Saho shattered not knowing it for sure, merely hoping that his creation would find a way to the heart of the dragon god. And it did. For days on end Jillsen screamed in pain as the sword made its merciless way through his body, destroying organs, blood vessels and muscles there where it passed by. Jillsen amputated his own foreleg by biting it, hoping to get the sword out, but like a parasitical worm Jillsen’s Bane squirmed its way into the torso. A few hours later, prey to the pain, Jillsen cursed Saho and all of his children, all of humanity. He swore them and dragons would never find peace, that, with his death, Saho had damned the weakest of both species to disappear. In Jillsen’s opinion, that was humans. Finally, the clouds lost cohesion and the dying god fell to the earth, being set ablaze by friction, shattering on impact, spreading the most divine of fragments all over the face of Bengia. The only thing that remained in the crater when the dust settled and the fire died out was a bloodied, mangled blade of bone encased in rusting metal. Jillsen’s Bane, an equalizer, Saho’s last gift to his dear humanity.

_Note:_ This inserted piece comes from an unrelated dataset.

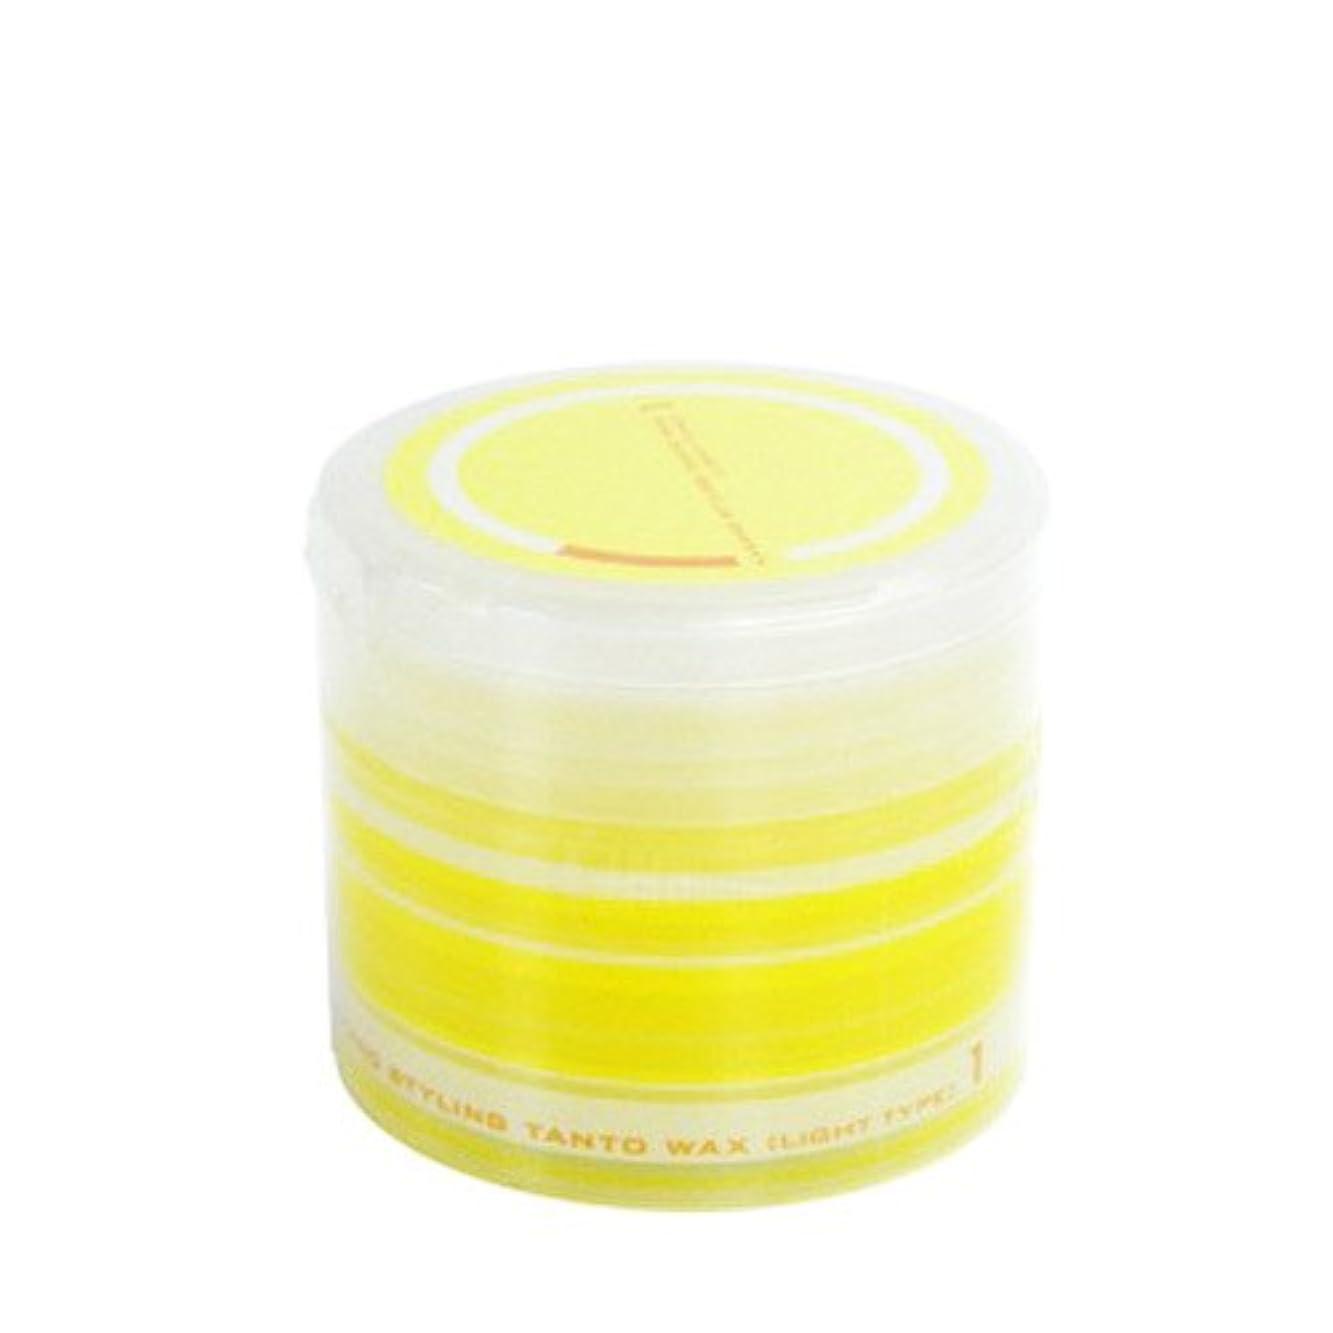 ナカノ スタイリング タント ワックス 1 ライトタイプ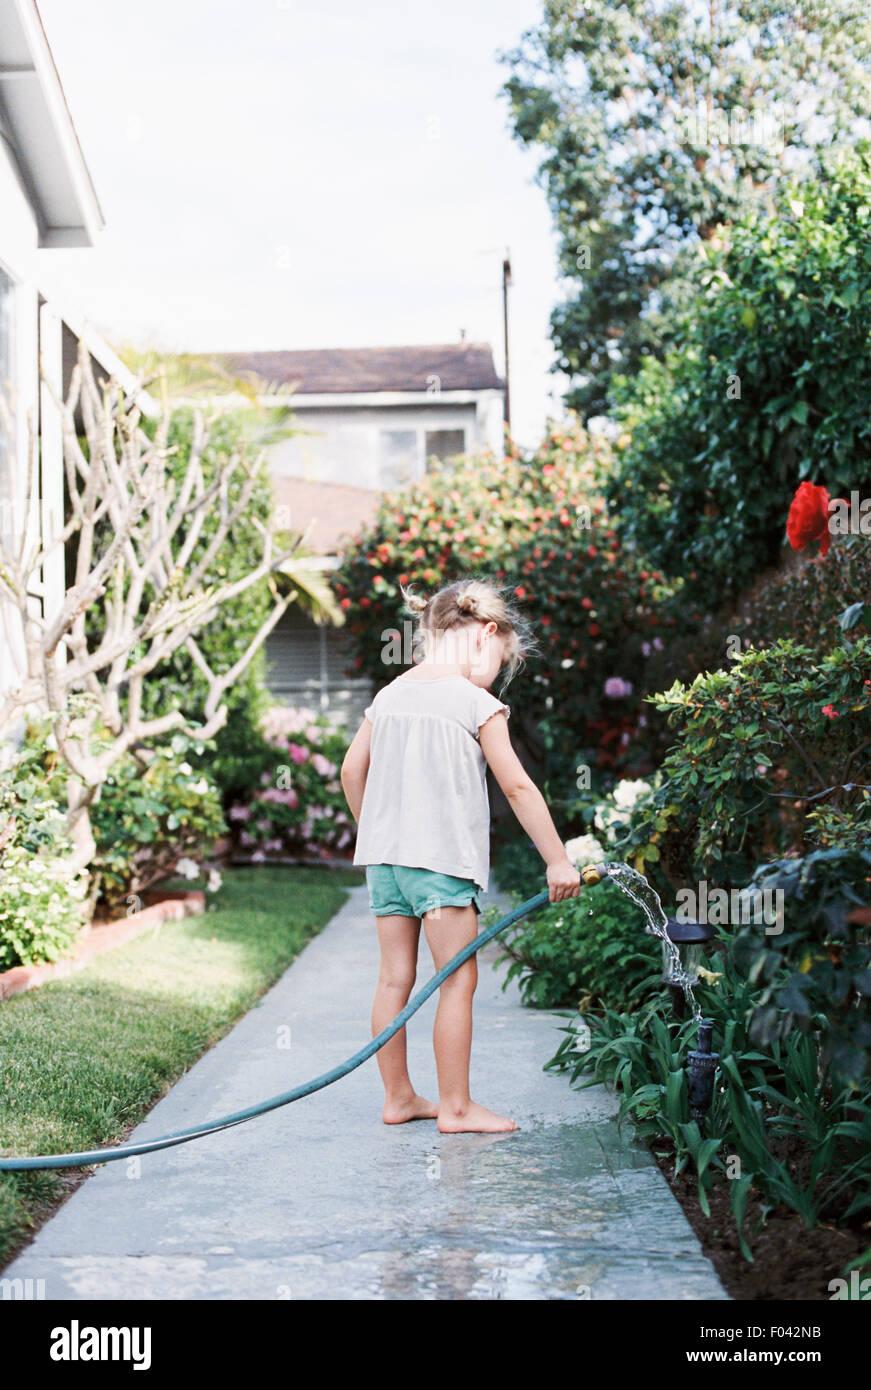 Giovane ragazza in piedi su un percorso in un giardino, giocando con un tubo flessibile di acqua. Immagini Stock

Nobody knows what happened with this, the original sword. Some say it lays on the bottom of the sea, some say that it shattered, and every dragon slaying weapon has a fragment of it as its very soul, a fragment of the undying hatred of Saho for Jillsen. That is the origin of the dragon god fragments, anyway, and of the name of the divine sword you wield. That’s why Jillsenbane seeks dragon hearts, for it relives the trauma that caused the death of the god from whose ashes it was built from.